Start to finish, return the listing below exactly, pictures excluded.

[Data provided]
===

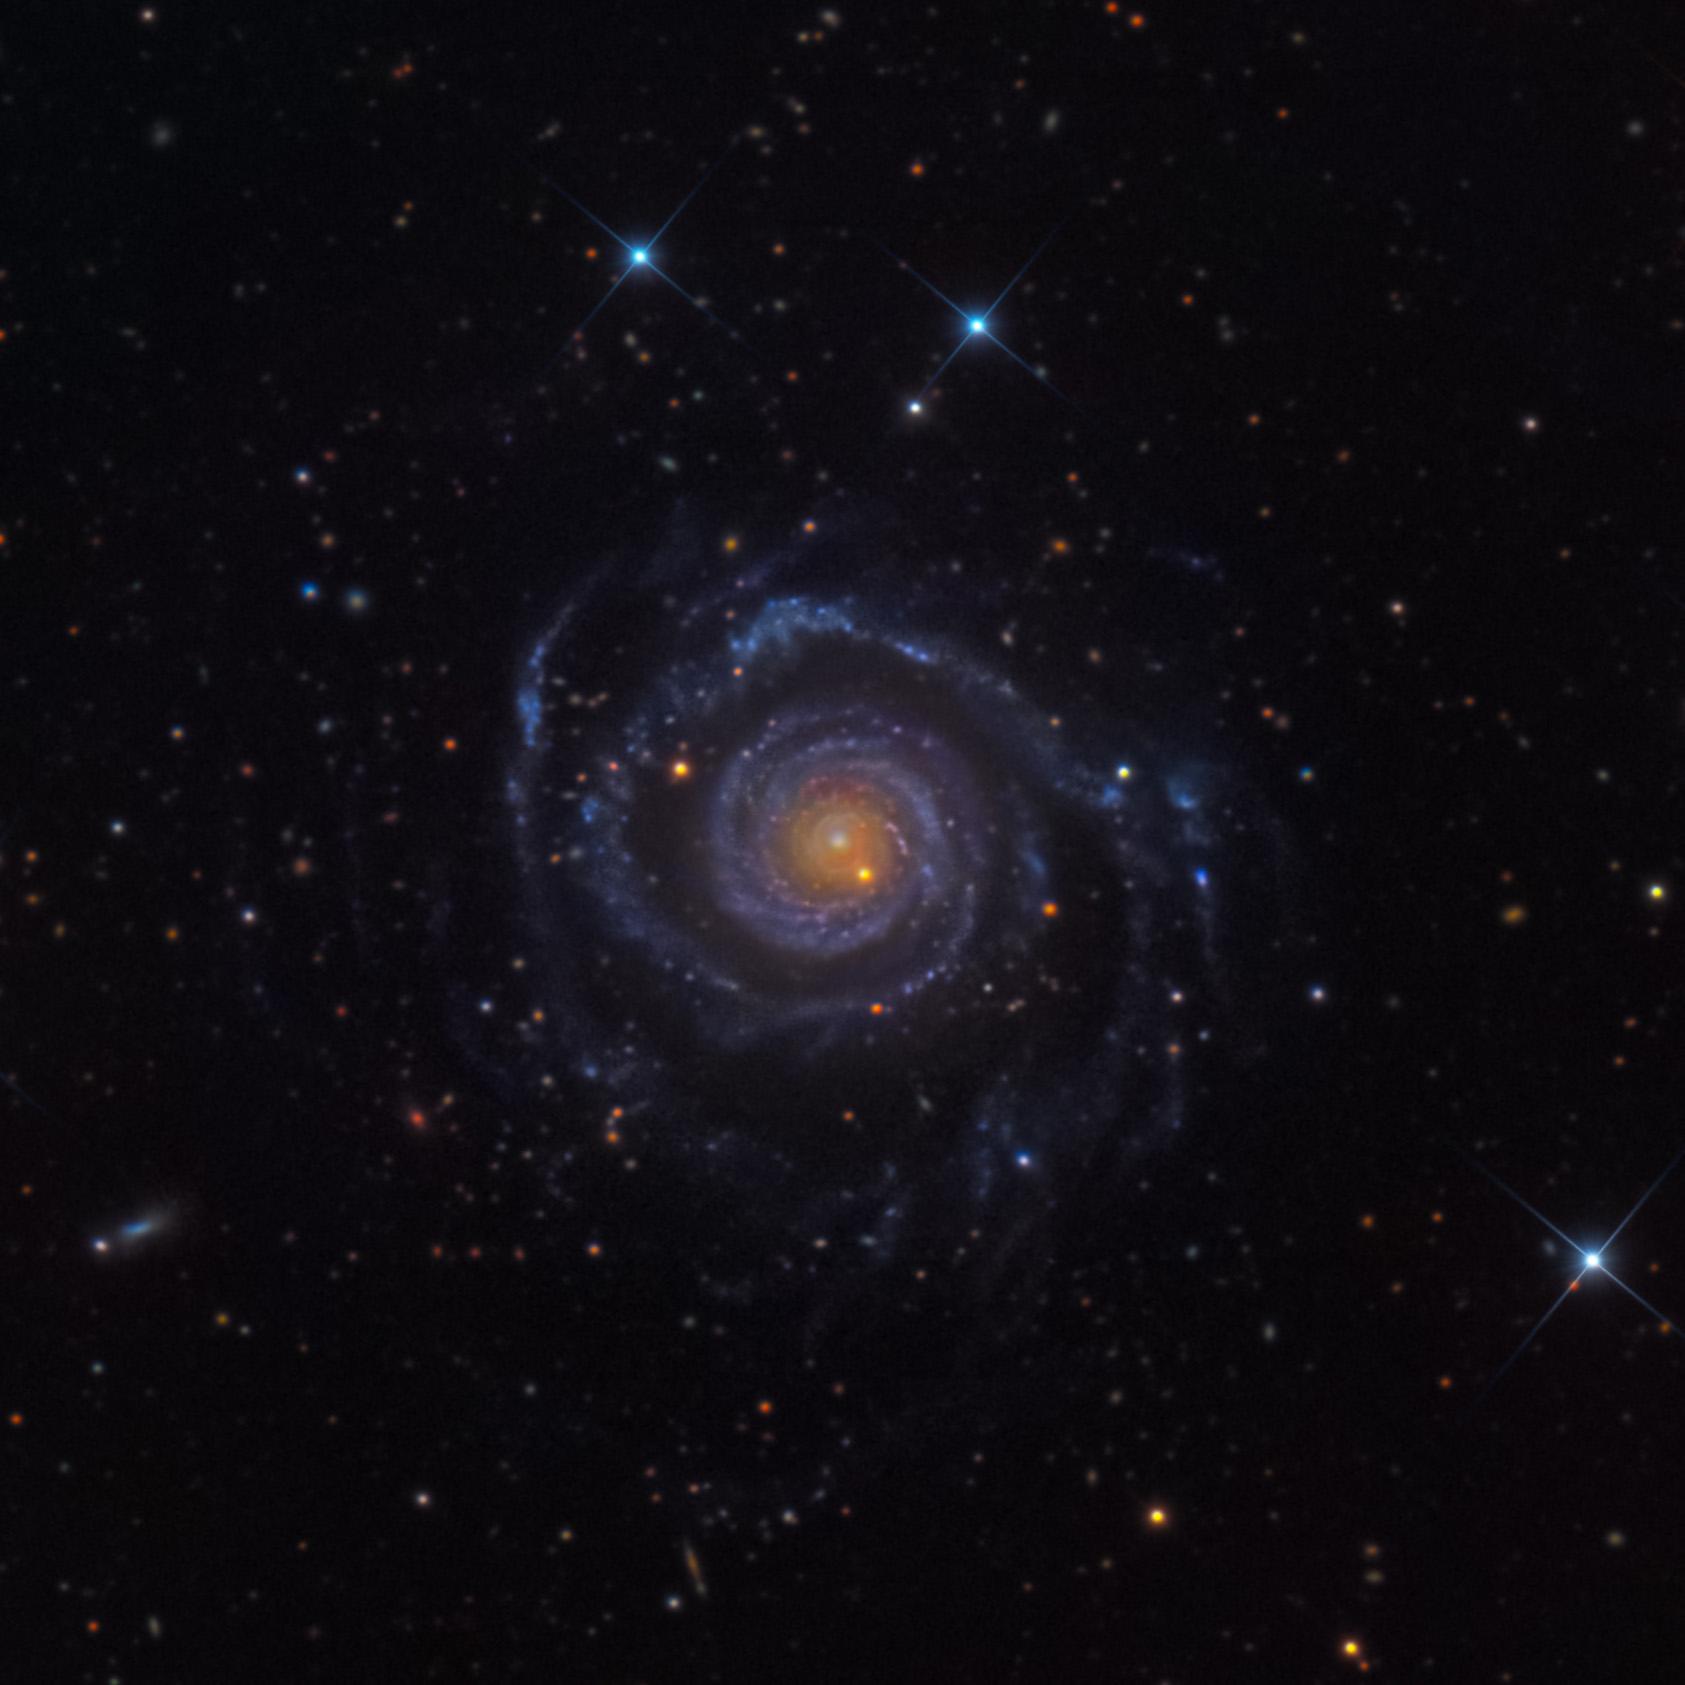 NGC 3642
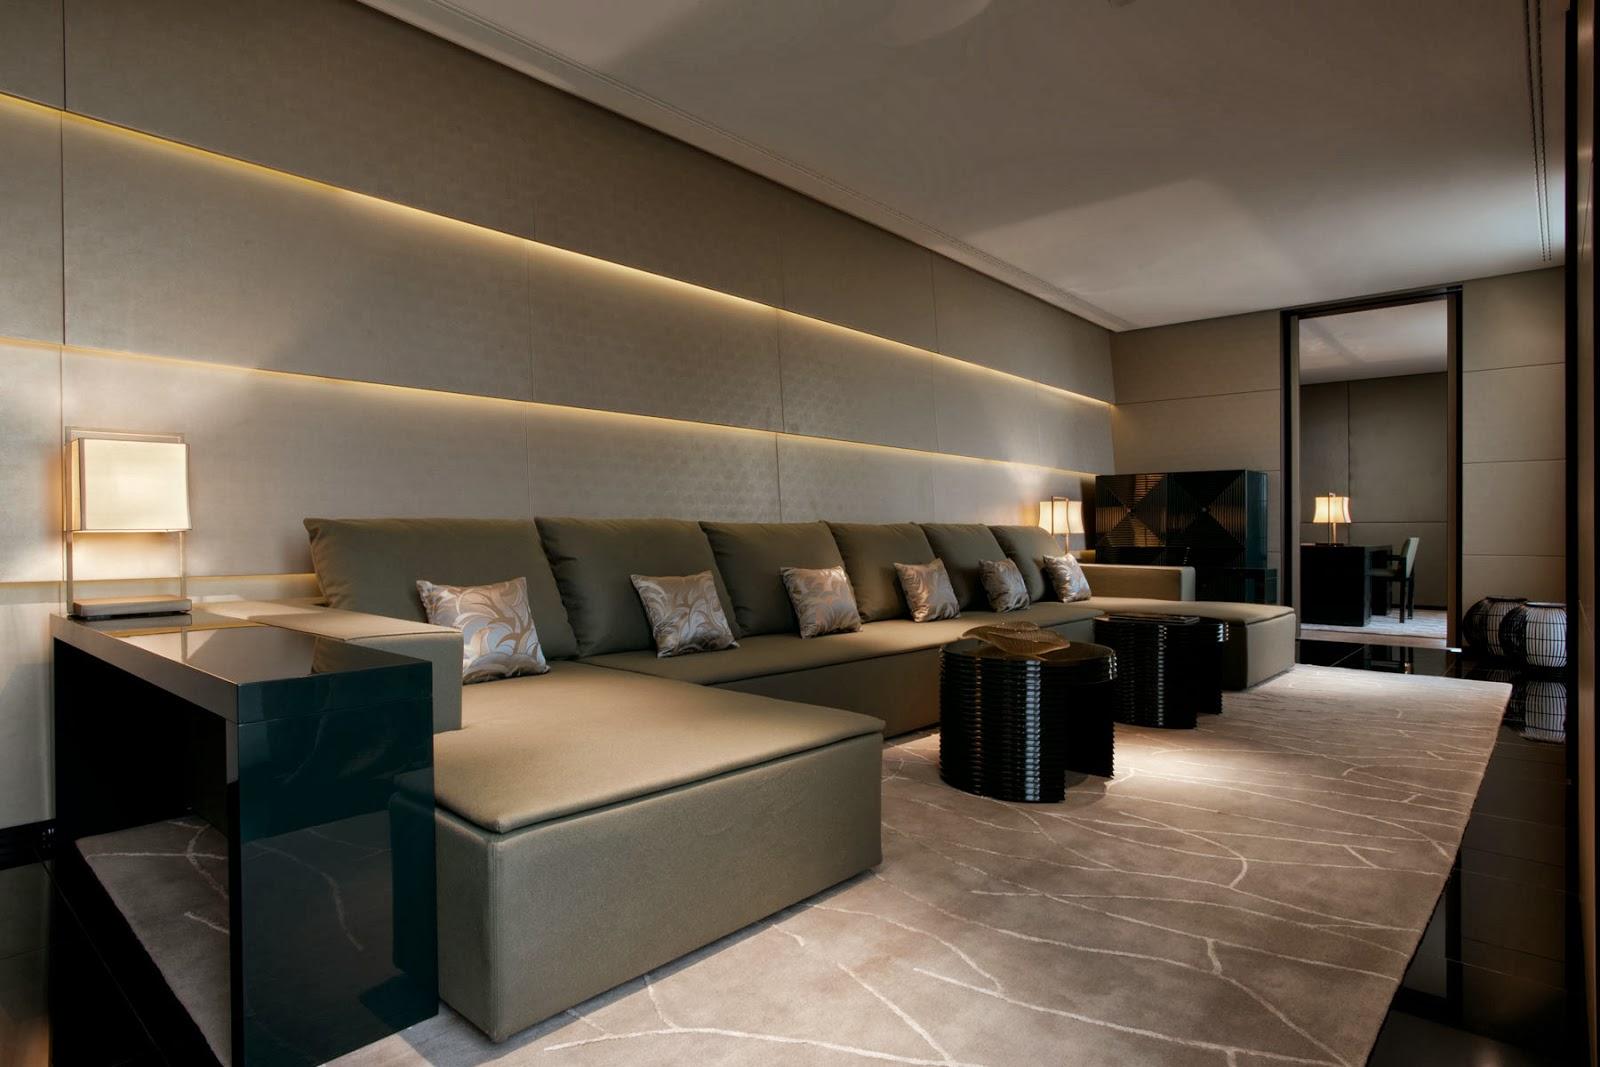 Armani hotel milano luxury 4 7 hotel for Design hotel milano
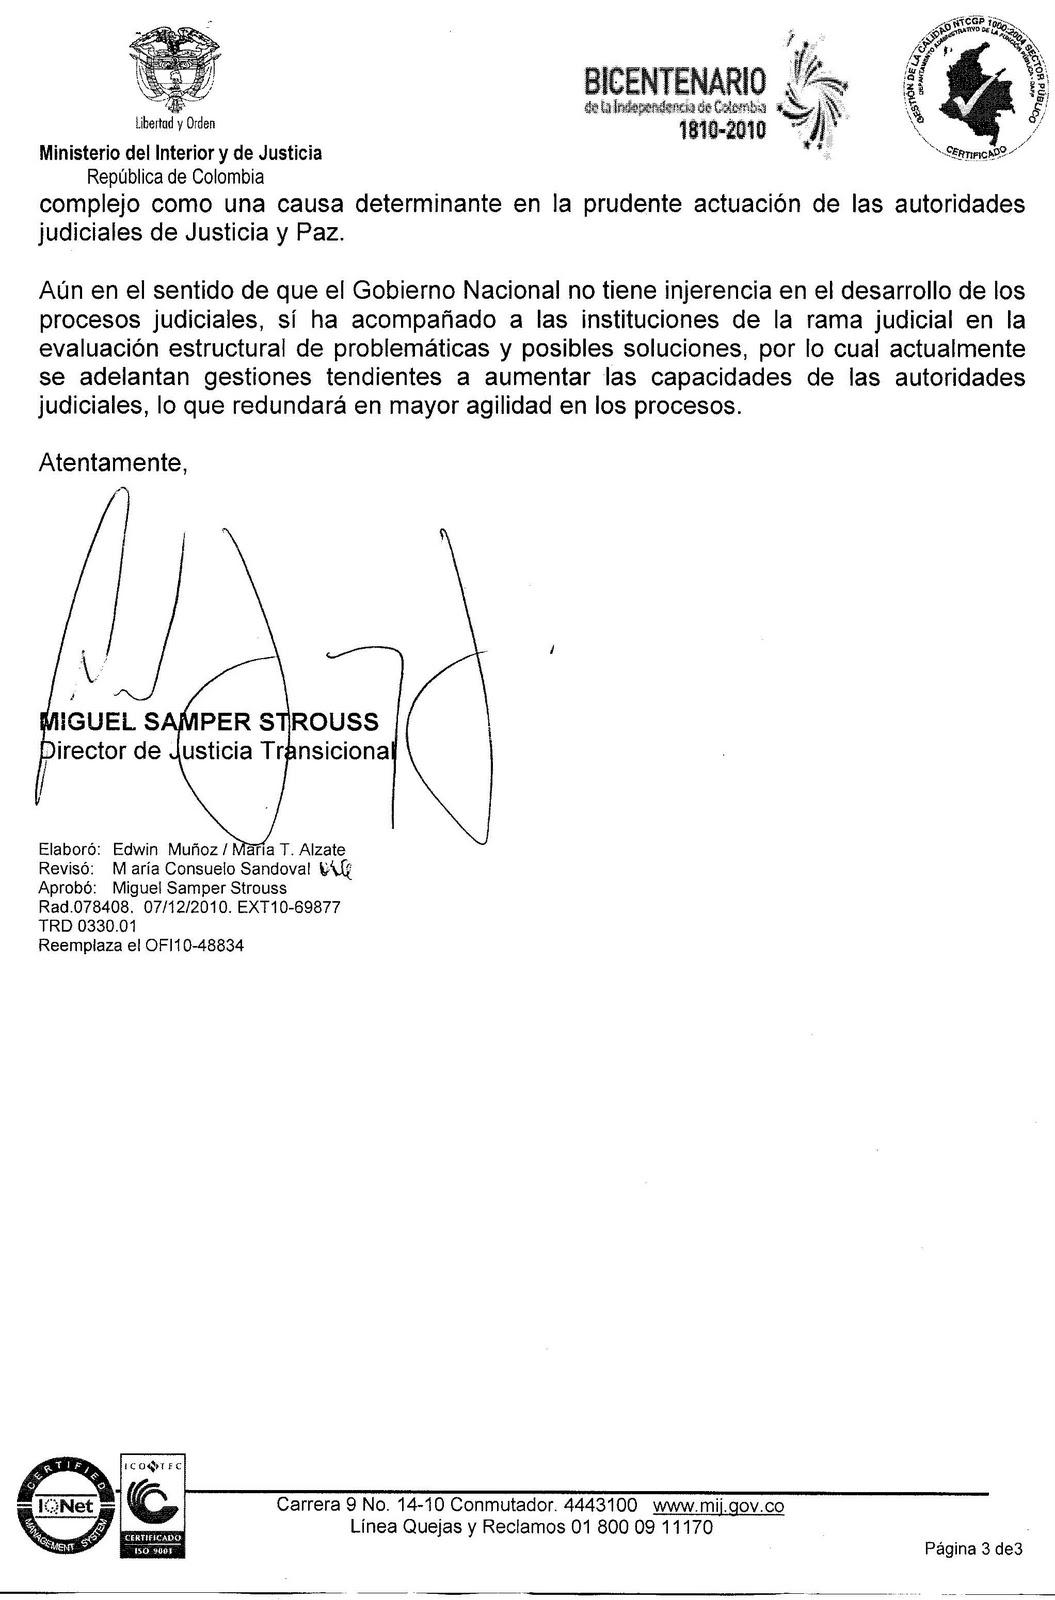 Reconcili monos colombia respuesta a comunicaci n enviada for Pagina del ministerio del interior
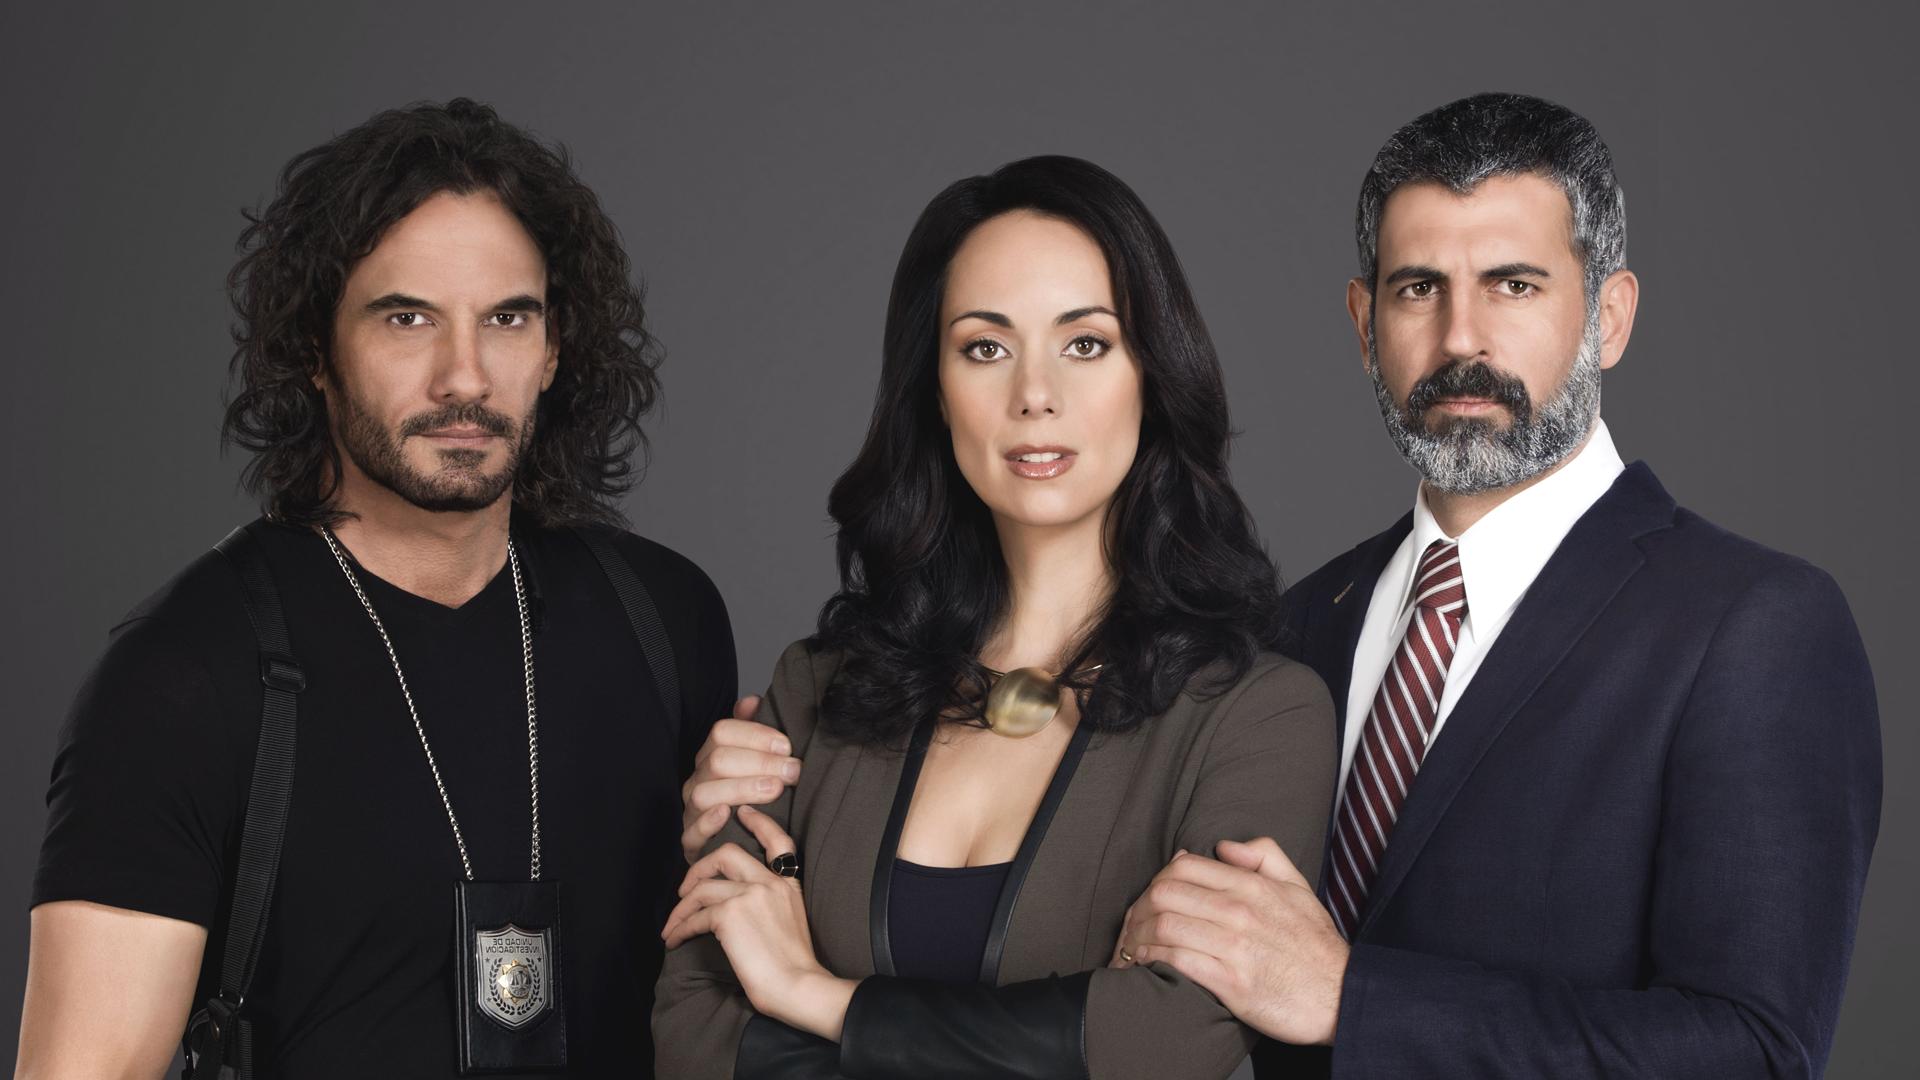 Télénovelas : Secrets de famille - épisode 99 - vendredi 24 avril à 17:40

===

[Task result]
 NGC 3642
 Armani hotel milano luxury 4 7 hotel for Design hotel milano
 Reconcili monos colombia respuesta a comunicaci n enviada for Pagina del ministerio del interior
 Télénovelas : Secrets de famille - épisode 99 - vendredi 24 avril à 17:40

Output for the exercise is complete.